After coming back to class and analyzing the data, the students noticed some unusual percentages from the data they had gathered.
“Our data wasn’t what we would normally expect,” said junior and APES student Dominic Kudzia. “You normally expect people born before 1900 to die earlier in life because of all the different factors, but it was the exact opposite. We had a lot of people who were born after 1900 dying a lot earlier.”
Students then took their analysis to the next level: trying to predict the causes of the unusual data.
“[The trip] helped us learn about the history of San Mateo,” said junior and APES student Adrienne Nguyen. “We realized it was because the origins of San Mateo come from a lot of rich people. So people had all those resources in the 1800s that [most] people wouldn’t usually have [then]. It made the survivorship curves pretty similar to how they are right now.”

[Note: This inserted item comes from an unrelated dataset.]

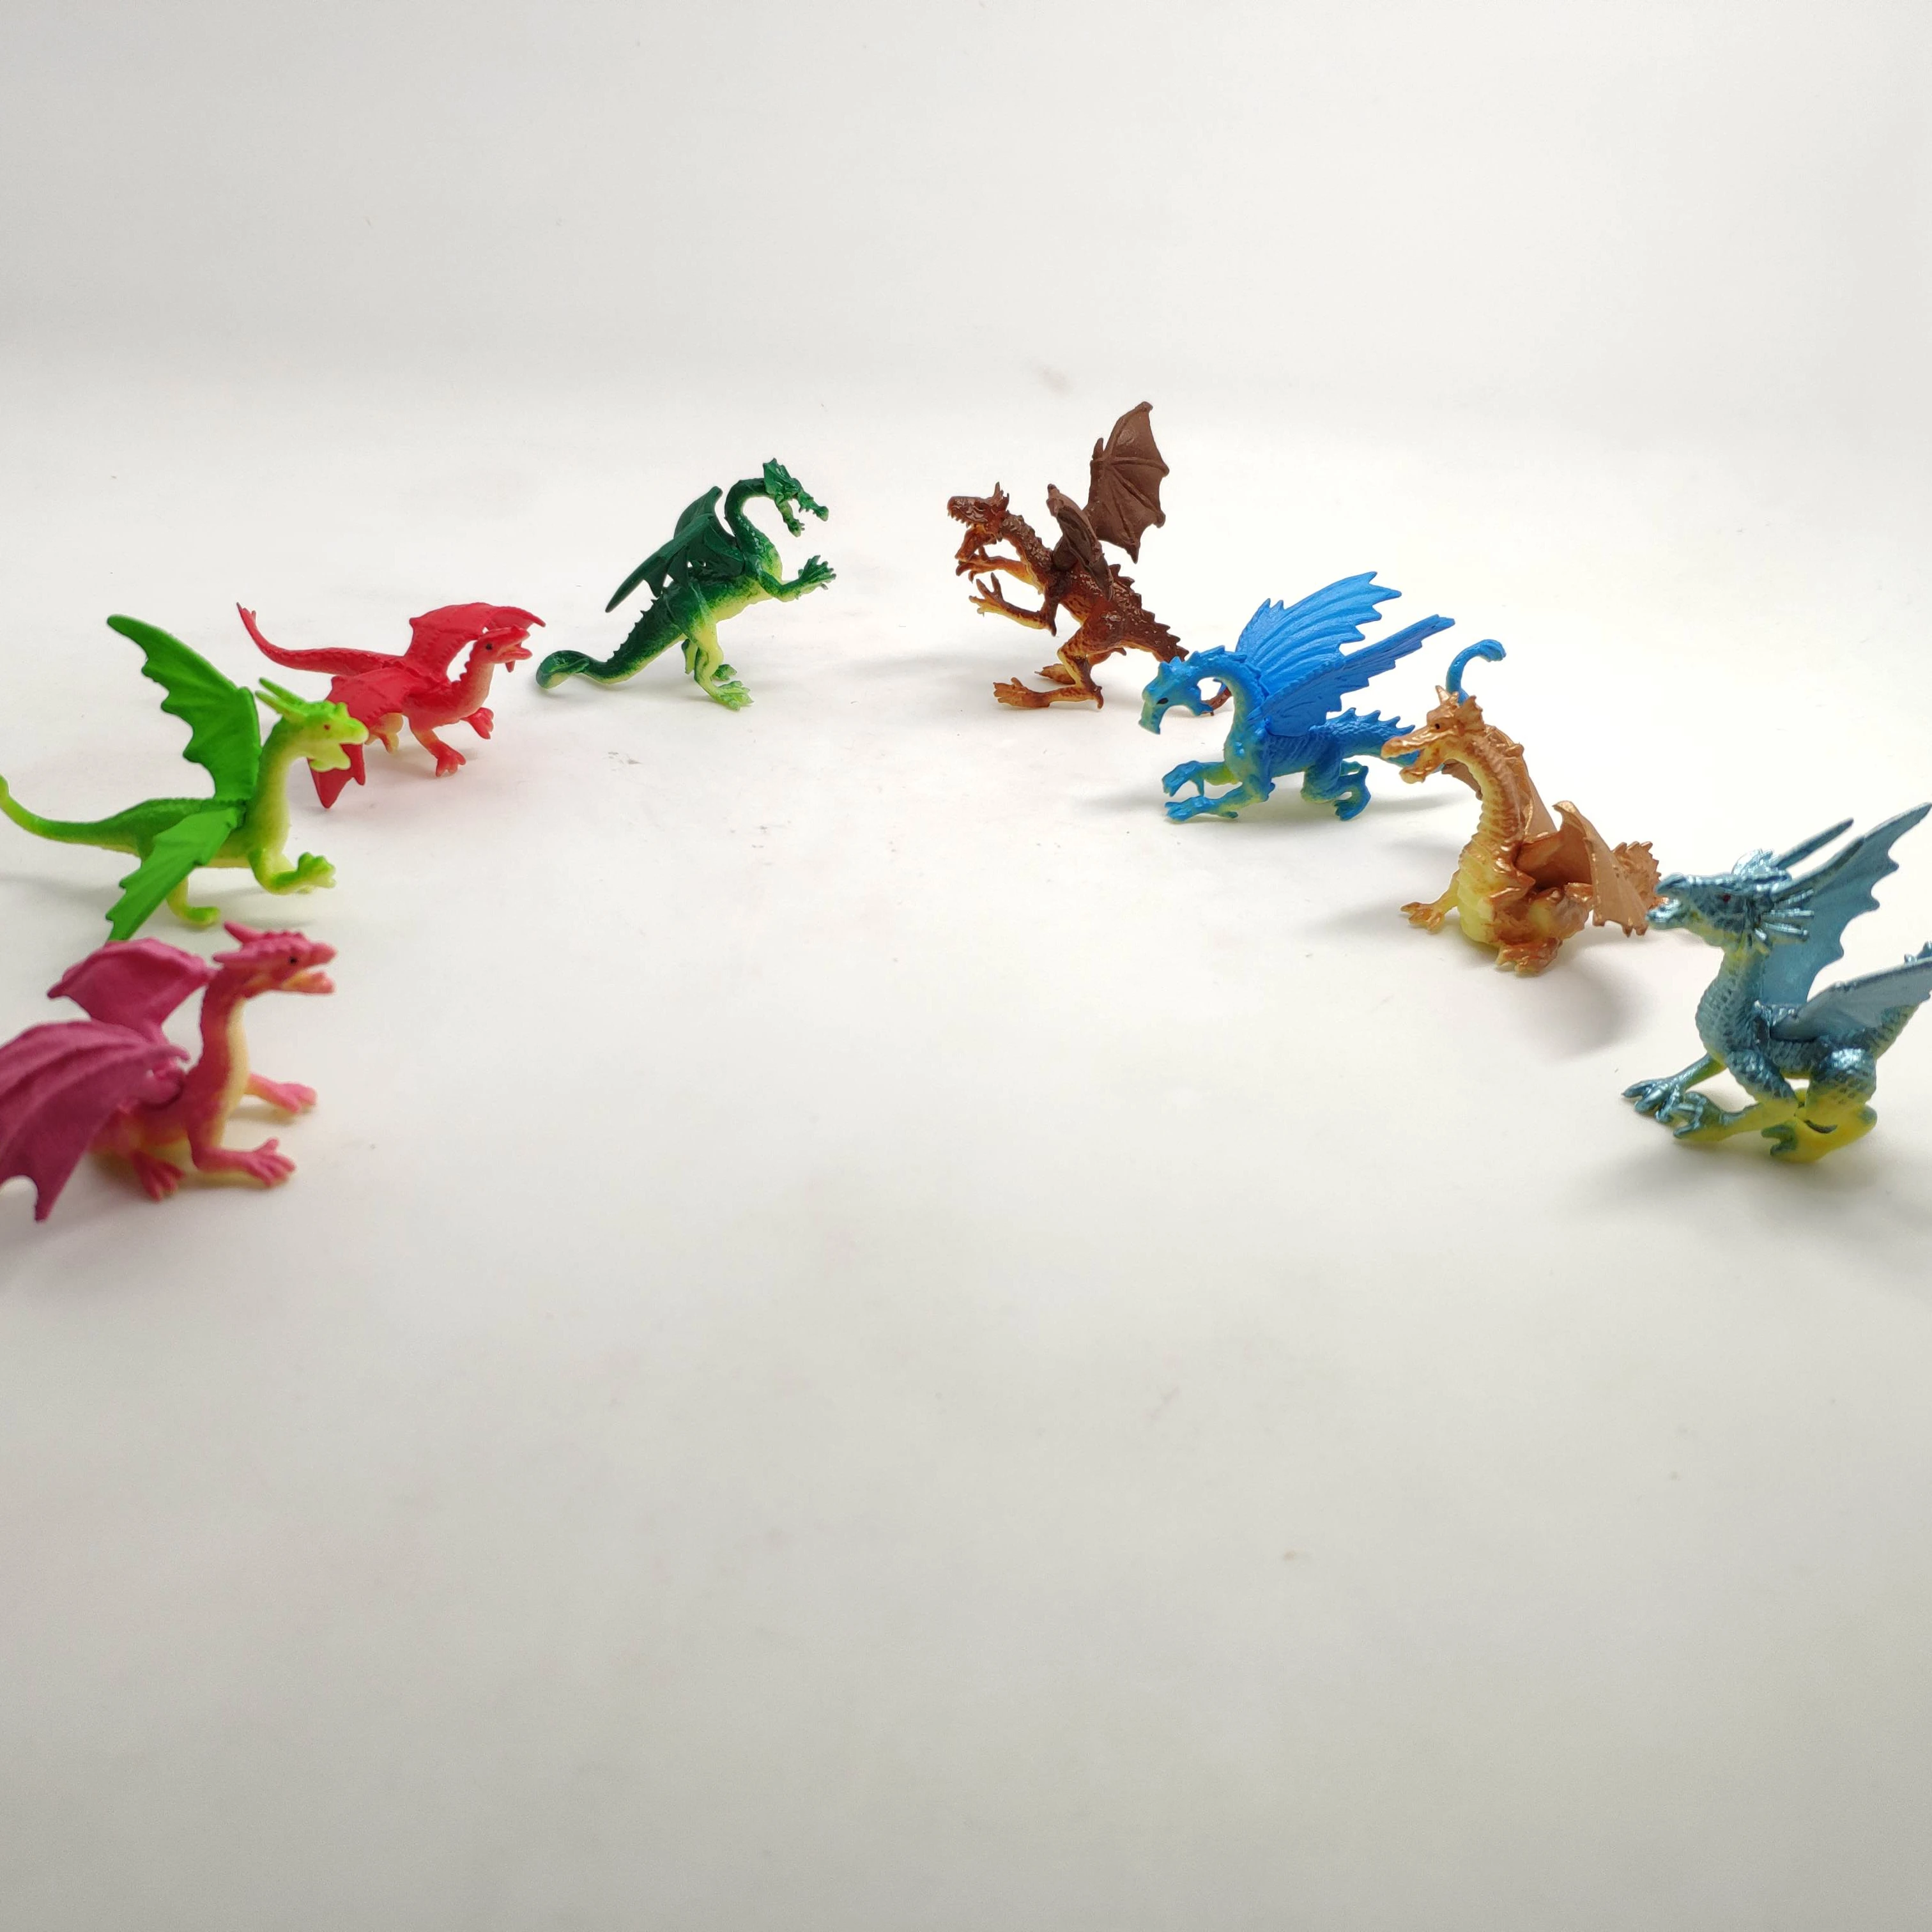 мини игрушки драконы фото 11

Additionally, the trip being held on Halloween was a strategic choice.
“Our third unit, which covers populations, happens right around Halloween every year,” Moretti said. “And so that’s why I wanted to coordinate the field trip on Halloween day because the timing works out perfectly.
Lipton felt that the timing of the field trip only added to the experience, adding to the Halloween mood.
“It was 100% a 10 out of 10 experience,” Lipton said. “[The graves] make it more spooky.”
Moretti reflects on the field trip and the students’ response to their experience with a more interactive lab.
“I’m sure we’ll be doing it again next year,” Moretti said. “It’s a lot better than sitting in a classroom and doing the internet version of this lab. The students had a lot of fun going up there, we got a little exercise, we got to walk around a beautiful cemetery and we got to collect data.”
The field trip to St. John’s Cemetery is likely to become a tradition for APES classes.